Nucleotide identity along the Courdo11 virus and Megavirus chilensis [4] genomes for the largest (>5,000 nt) matching regions

Fig. 4
figure 4

Genomic dot plots for the Courdo11 virus against amoebae-associated mimiviruses belonging to lineages A, B and C. The Courdo11 virus genome was compared to the a Megavirus chilensis [4], b LBA 111, c Mimivirus [1] and d Moumouvirus [5] genomes. Dot plots were constructed using MUMmer 3.22 software [29], and nucleotide-based alignments were performed with MUMmer. Dot plots were generated by the MUMmerplot script and the program gnuplot (www.gnuplot.info/docs_4.0/gnuplot.html). The aligned segments are represented by dots or lines. Forward matches are shown in red, and reverse complement matches are shown in blue (Color figure online)
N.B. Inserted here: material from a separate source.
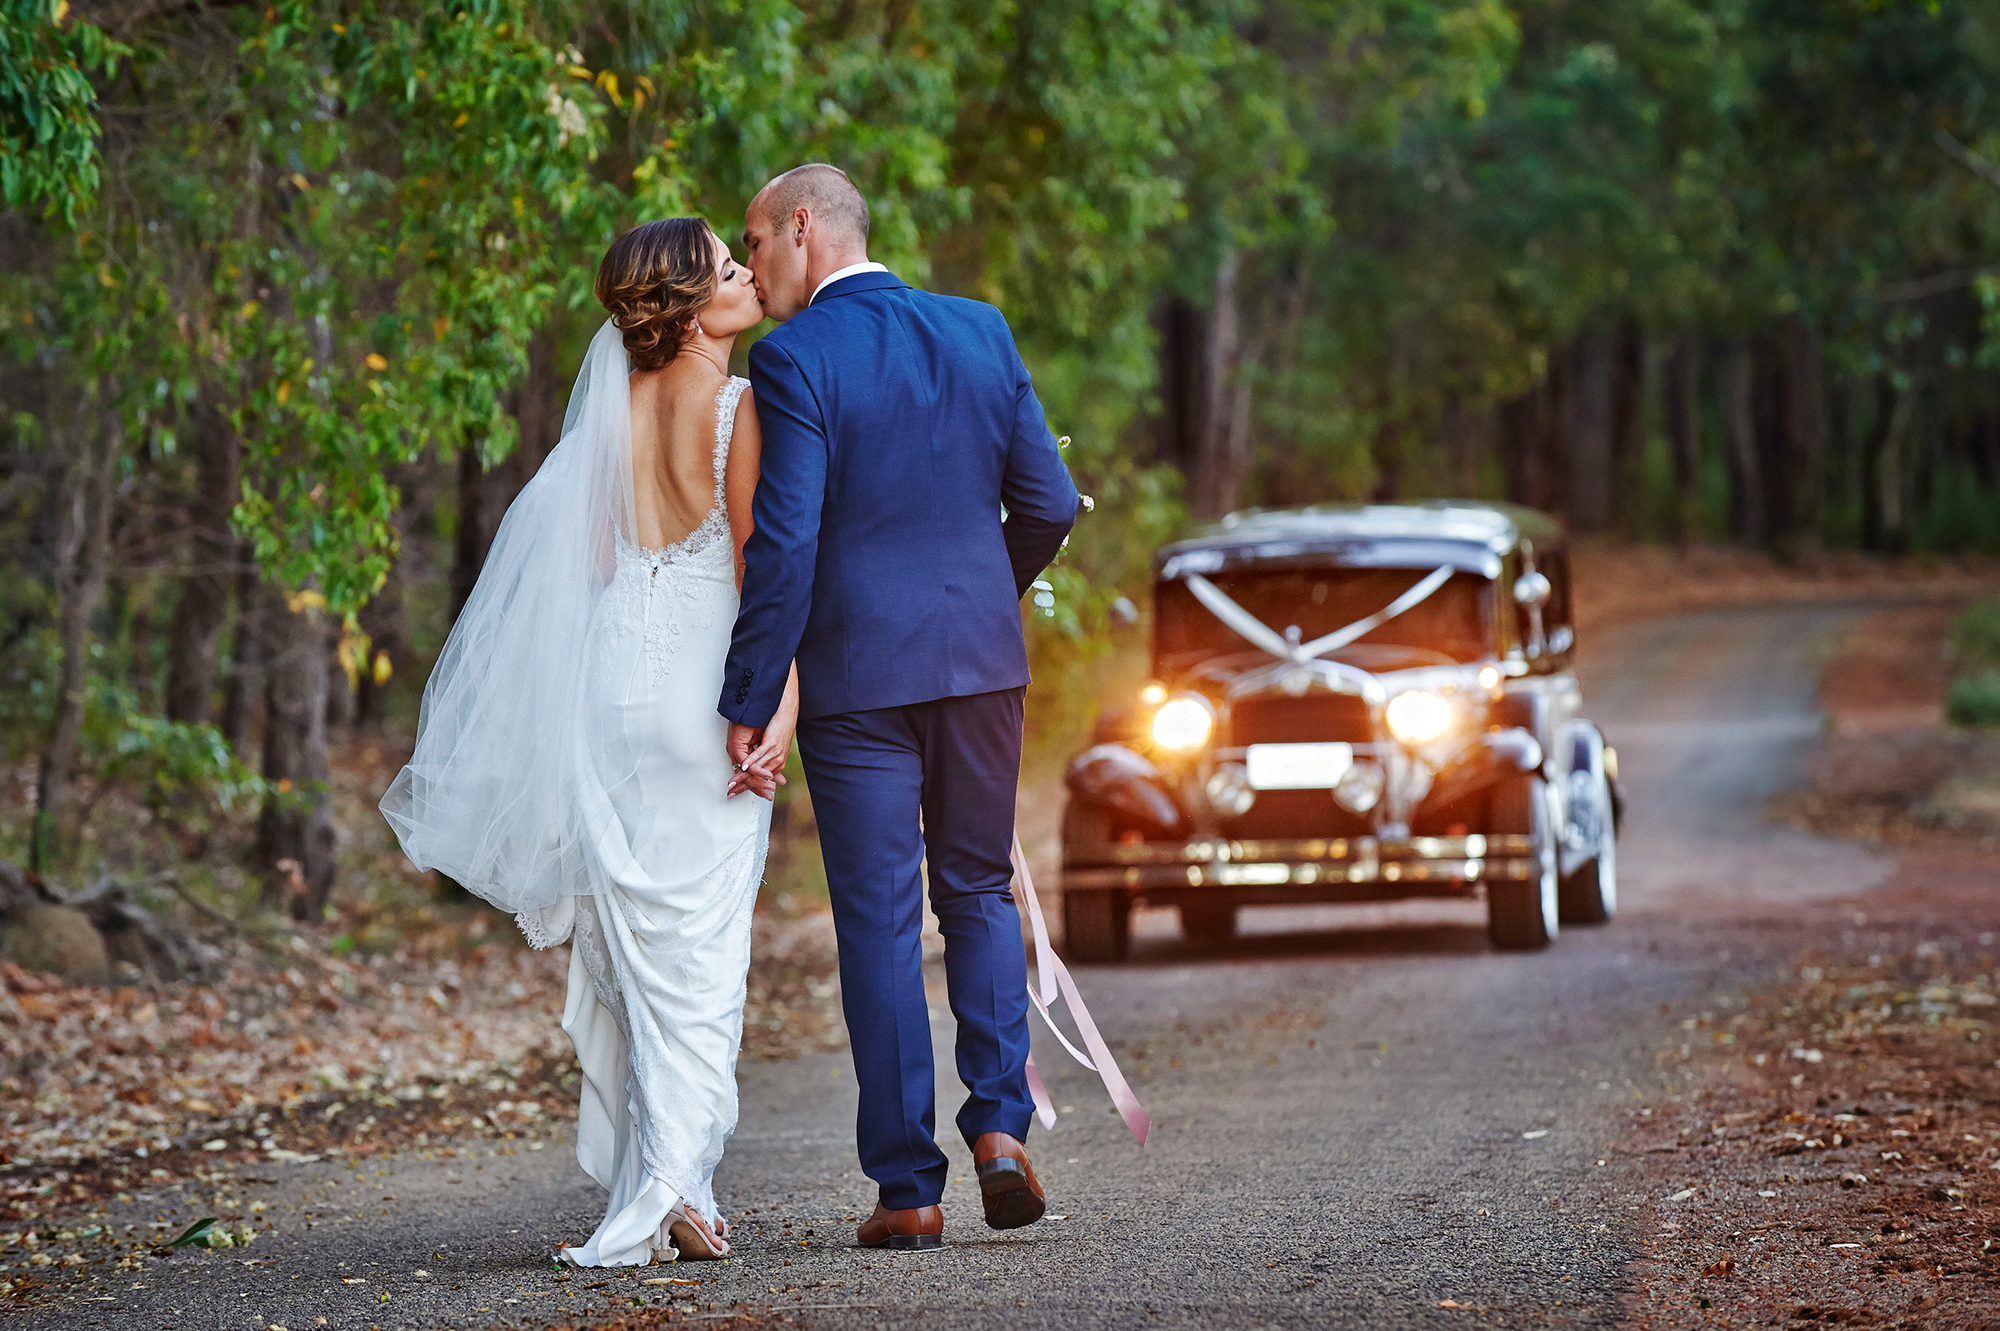 Adelaide_Ben_Rustic-Vineyard-Wedding_Peter-Edwards-Photography_027

Overall, BLASTp searches against the NCBI GenBank non-redundant protein sequence database identified bona fide homologues for 1,152 Courdo11 virus predicted proteins (99 % of the gene repertoire), and 14 (1.2 %) ORFans were identified. The main components of the M. chilensis gene content are also found in the Courdo11 virus genome, including three amino acyl-tRNA synthetases (mg743, mg844, mg358) that are absent in Mimivirus, a putative DNA photolyase (mg779) and a uridine monophosphate kinase (mg431). In contrast, 6 tRNAs were detected in the Courdo11 virus genome, including three tRNA-Leu, one tRNA-Cys, one tRNA-His and one tRNA-Trp, whereas only 3 tRNAs were identified in M. chilensis (1 Trp, and 2 Leu). We extended our analysis of the Courdo11 virus by comparing it with the newly identified viruses Pandoravirus dulcis and Pandarovirus salinus [11]. A BLASTp search of the Courdo11 virus gene content against those of pandoraviruses using 1e-3 as e-value cut off yielded 150 (12.8 %) and 132 (11.3 %) significant hits with P. salinus and P. dulcis, respectively.

Discussion

The comparative analyses of Courdo11 virus with the genomes of other members of family Mimiviridae showed that this giant virus is a bona fide new member of the family Mimiviridae and belongs to lineage C of mimiviruses of amoebae. Genomic architecture comparisons mirrored previous findings that showed conservation of collinear regions in the middle part of the genome and diversity towards the extremities; this feature was indeed described in other mimiviruses and in poxviruses [4, 5, 3739]. Further analyses showed that the Courdo11 virus genome is most closely related to M. chilensis [4] and LBA 111 [20], the first mimivirus isolated from a human. The evolutionary relationship between Courdo11 virus and other mimiviruses isolated from freshwater (Mimivirus and Moumouvirus), marine coastal water (M. chilensis) and soil (Terra1 virus and Terra2 virus) indicates that these giant viruses have a broad host range and can survive in different habitats. Major characteristics of the M. chilensis genome were identified in the Courdo11 virus genome, which was found to encode three more tRNAs. Fourteen ORFans were identified in the Courdo11 virus genome, suggesting that the pan-genome of mimiviruses of amoeba might reach a plateau.